Example 1: Bank Liquidity Management
A large commercial bank, "Horizon Bank," needs to quickly raise $100 million for a single day to meet its regulatory reserve requirements. Instead of borrowing directly, Horizon Bank sells $100 million worth of U.S. Treasury bills to "Capital Trust," another financial institution, with an agreement to repurchase those exact Treasury bills the very next day for $100,010,000.
How it illustrates: Horizon Bank (the seller) effectively obtains a short-term loan of $100 million from Capital Trust. The U.S. Treasury bills serve as the security or collateral for this loan. Horizon Bank promises to buy back (repurchase) the securities on a specified date (the next day) at a specified price ($100,010,000), which includes the original loan amount plus a small amount of interest.
Example 2: Corporate Treasury Operations
A multinational technology company, "Innovate Corp.," has a large amount of cash in its treasury department that it wants to invest overnight to earn a small, low-risk return, but it needs the funds readily available for a major acquisition payment the following morning.
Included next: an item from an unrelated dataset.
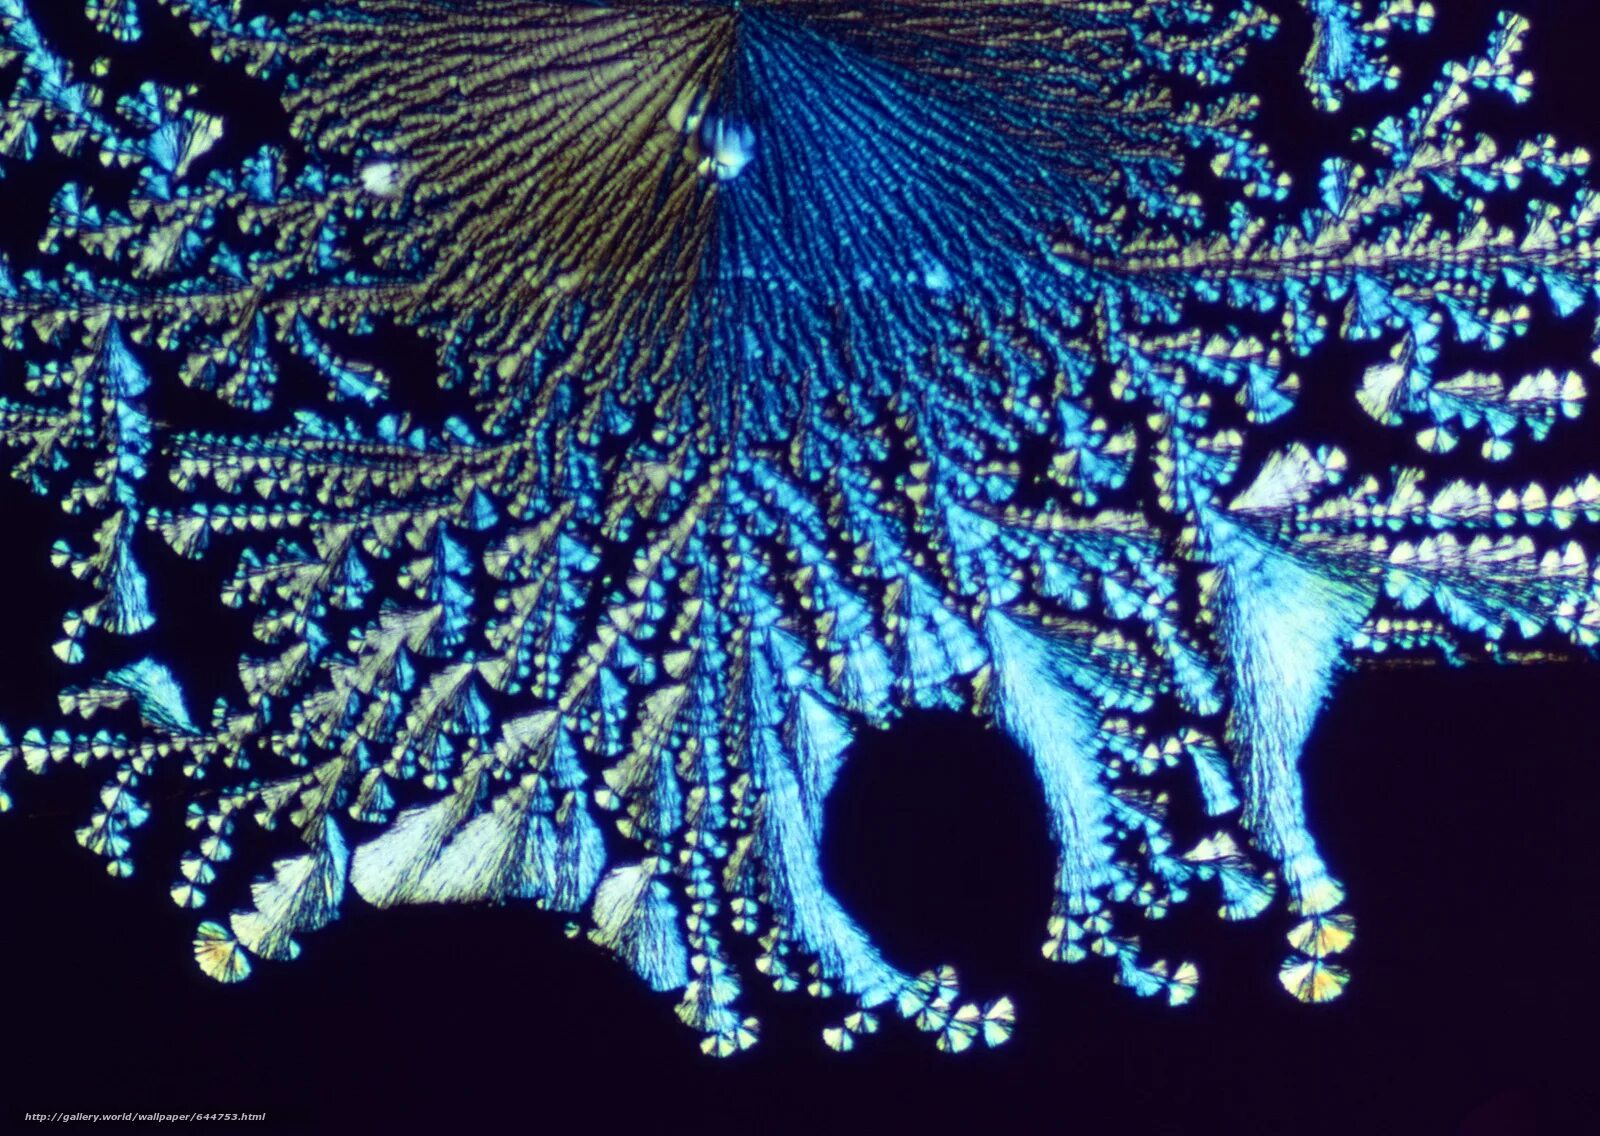 Кристалл меди под микроскопом. Кристаллы в микроскопе. Минералы под микроскопом. Медь под микроскопом.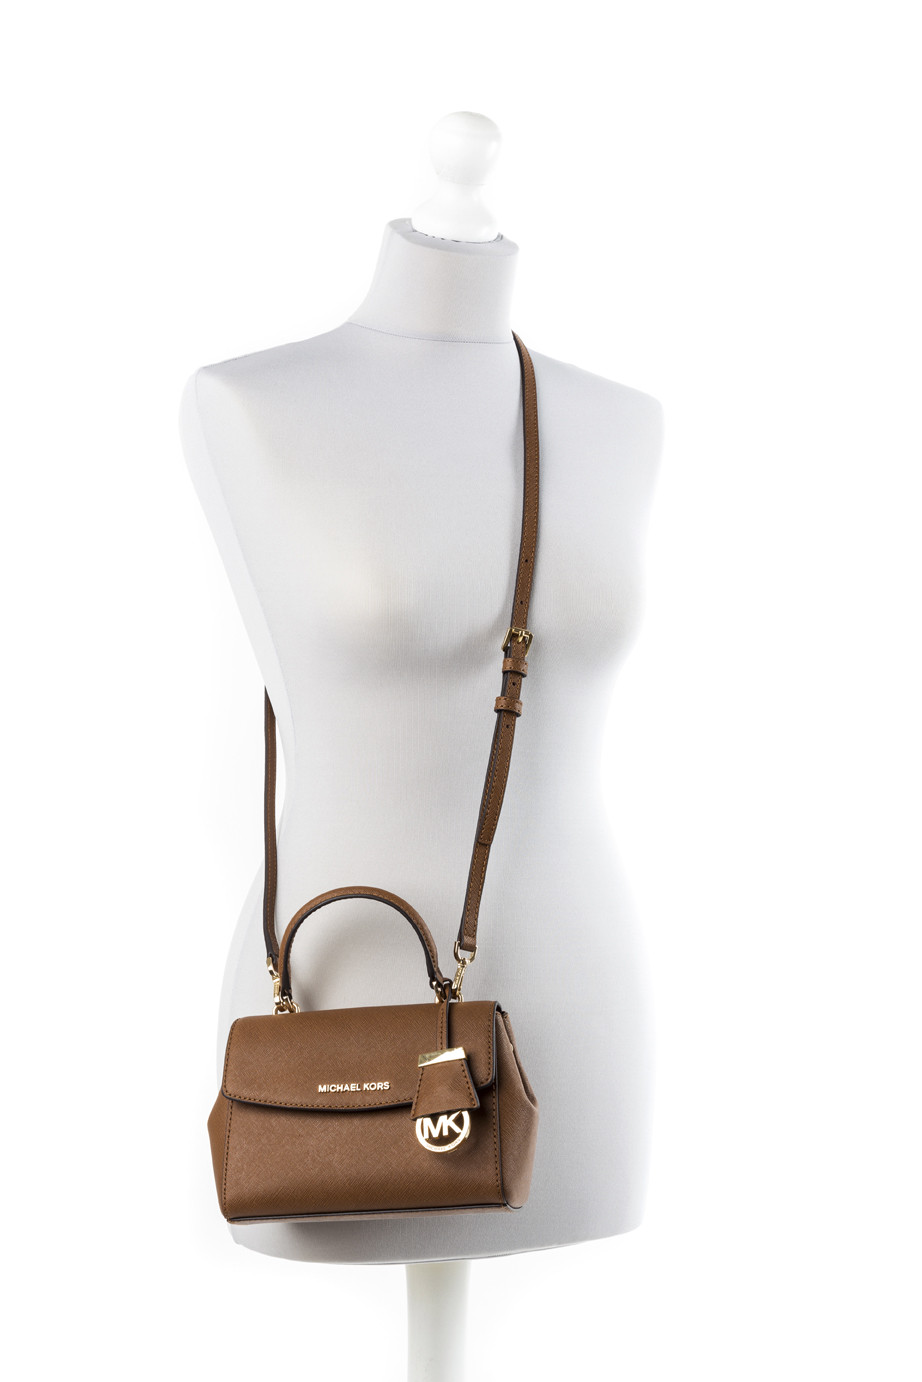 Michael Kors Ava Extra Small Saffiano Leather Satchel - Luggage 32F5GAVC1L  889154534971 - Handbags, Ava - Jomashop

Innovate Corp. enters into a repurchase agreement where it "buys" government bonds from a securities dealer, with the understanding that the dealer will buy them back the next day at a slightly higher price.
How it illustrates: In this scenario, Innovate Corp. is the "buyer" in the repo transaction. It provides a short-term loan to the securities dealer, receiving government bonds as collateral. The dealer agrees to repurchase the bonds the next day at a specified price, allowing Innovate Corp. to earn a low-risk, short-term return on its excess cash while ensuring the principal funds are available precisely when needed.
Example 3: Investment Firm Funding
An investment firm, "Global Assets Management," holds a significant portfolio of high-grade corporate bonds. To take advantage of a sudden, lucrative short-term trading opportunity that requires immediate cash, Global Assets Management enters into a repurchase agreement. It sells a portion of its corporate bonds to a money market fund for a week, agreeing to buy them back at the end of the week for a slightly higher, pre-agreed price.
How it illustrates: Global Assets Management uses its corporate bonds as collateral to secure a short-term cash infusion (a loan) from the money market fund. The firm commits to repurchasing the bonds on a specific future date at a pre-agreed price, allowing it to access liquidity for its trading strategy without having to permanently sell its long-term bond holdings.
Simple Definition
A repurchase agreement, commonly known as a "repo," is a short-term loan where one party sells a security to another. The seller simultaneously agrees to buy back the same security on a specified future date at a predetermined price. This arrangement effectively functions as a collateralized loan.